Looking at
Text::StripAccents source code, it seems quite inefficient: it splits the string in chars, loops over them replacing accented ones by their ASCII equivalent and then joins the string again.
A regular expresion substitution could do it:
my %table = ( 'À' => 'A', 'Á' => 'A', 'Â' => 'A', 'Ã' => 'A', 'Ä' => '
+A', 'Å' => 'A',
'Ç' => 'C',
'È' => 'E', 'É' => 'E', 'Ê' => 'E', 'Ë' => 'E',
'Ì' => 'I', 'Í' => 'I', 'Î' => 'I', 'Ï' => 'I',
'Ñ' => 'N',
'Ò' => 'O', 'Ó' => 'O', 'Ô' => 'O', 'Õ' => 'O', 'Ö' => '
+O',
'Ù' => 'U', 'Ú' => 'U', 'Û' => 'U', 'Ü' => 'U',
'à' => 'a', 'á' => 'a', 'â' => 'a', 'ã' => 'a', 'ä' => '
+a', 'å' => 'a',
'ç' => 'c',
'è' => 'e', 'é' => 'e', 'ê' => 'e', 'ë' => 'e',
'ì' => 'i', 'í' => 'i', 'î' => 'i', 'ï' => 'i',
'ñ' => 'n',
'ò' => 'o', 'ó' => 'o', 'ô' => 'o', 'õ' => 'o', 'ö' => '
+o',
'ß' => 'ss',
'ù' => 'u', 'ú' => 'u', 'û' => 'u', 'ü' => 'u',
'ý' => 'y' );
sub strip_accents {
my $str = shift;
$str =~ s/([^\x00-\x7F])/$table{$1} || '?'/ge;
$str
}
It's so simple that it makes me think if a module is actually required...

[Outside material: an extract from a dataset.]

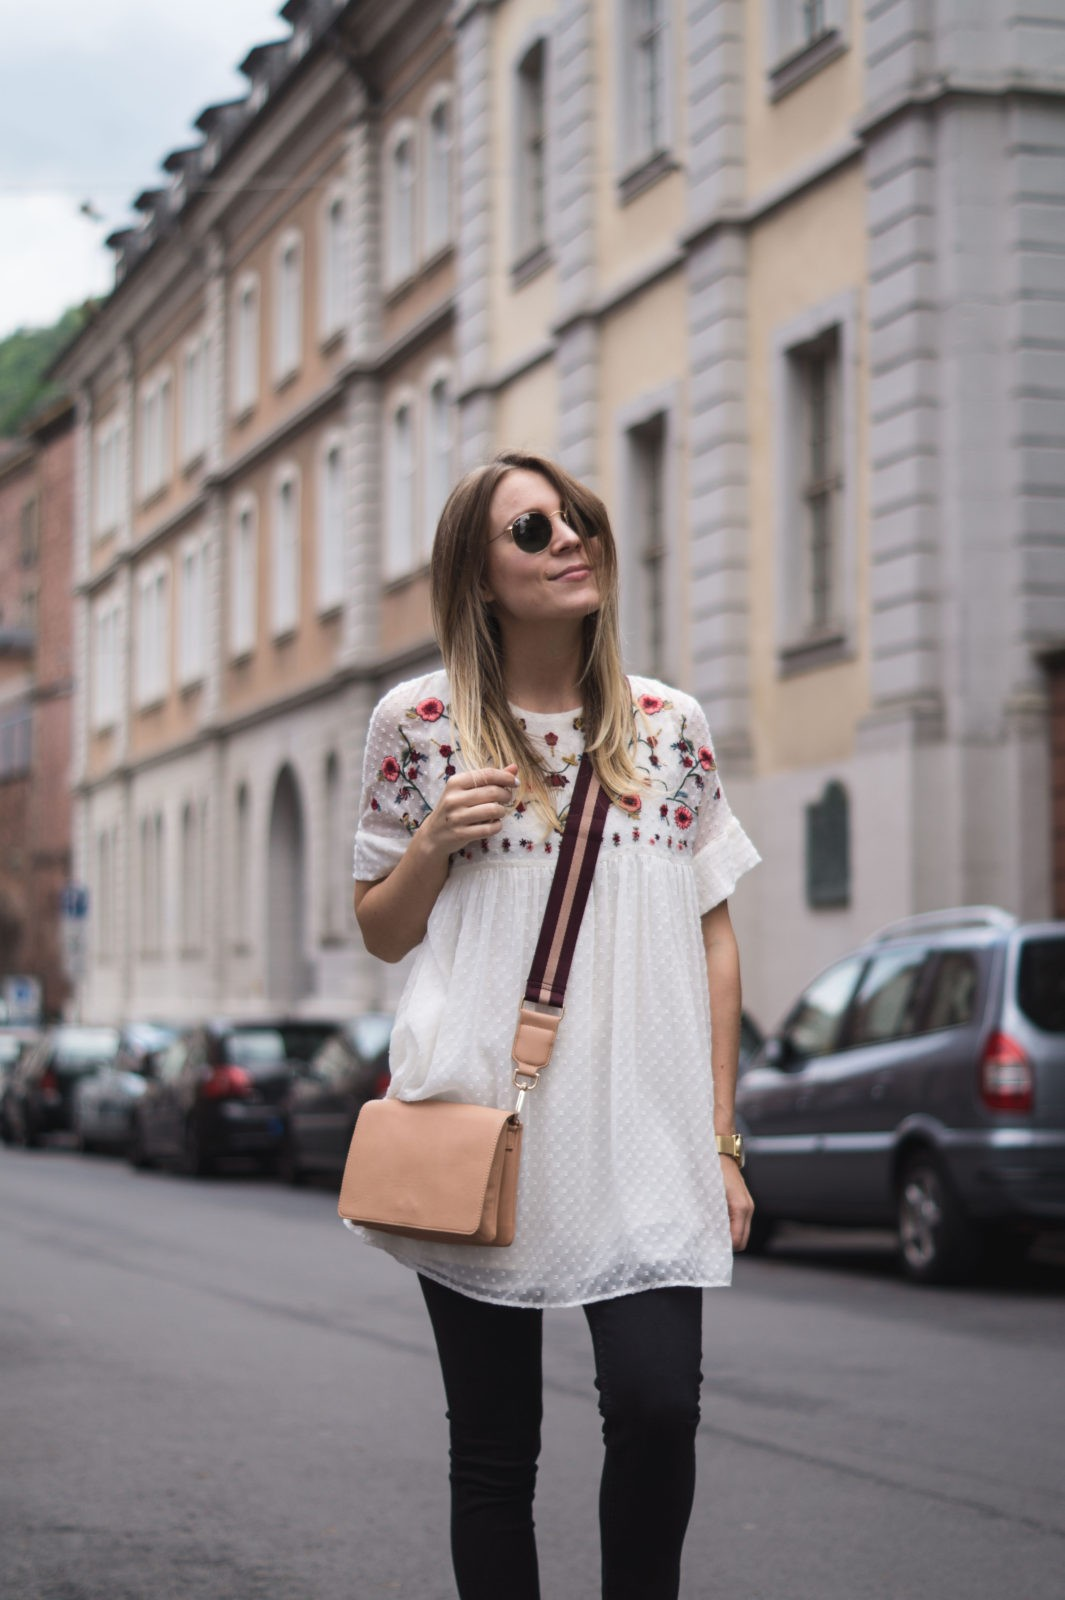 Floral Summer Dress Zara Jumpsuit Black Loafers Pantoletten Sommerkleid Streetstyle Heidelberg Sariety Modeblog Streetstyle

And BTW, "unaccenting" chars is not a unique transformation, it depends on the text language. For instance, in German 'ü' should be mapped to 'ue' (see Lingua::DE::ASCII), but in Spanish it should be mapped to 'u'.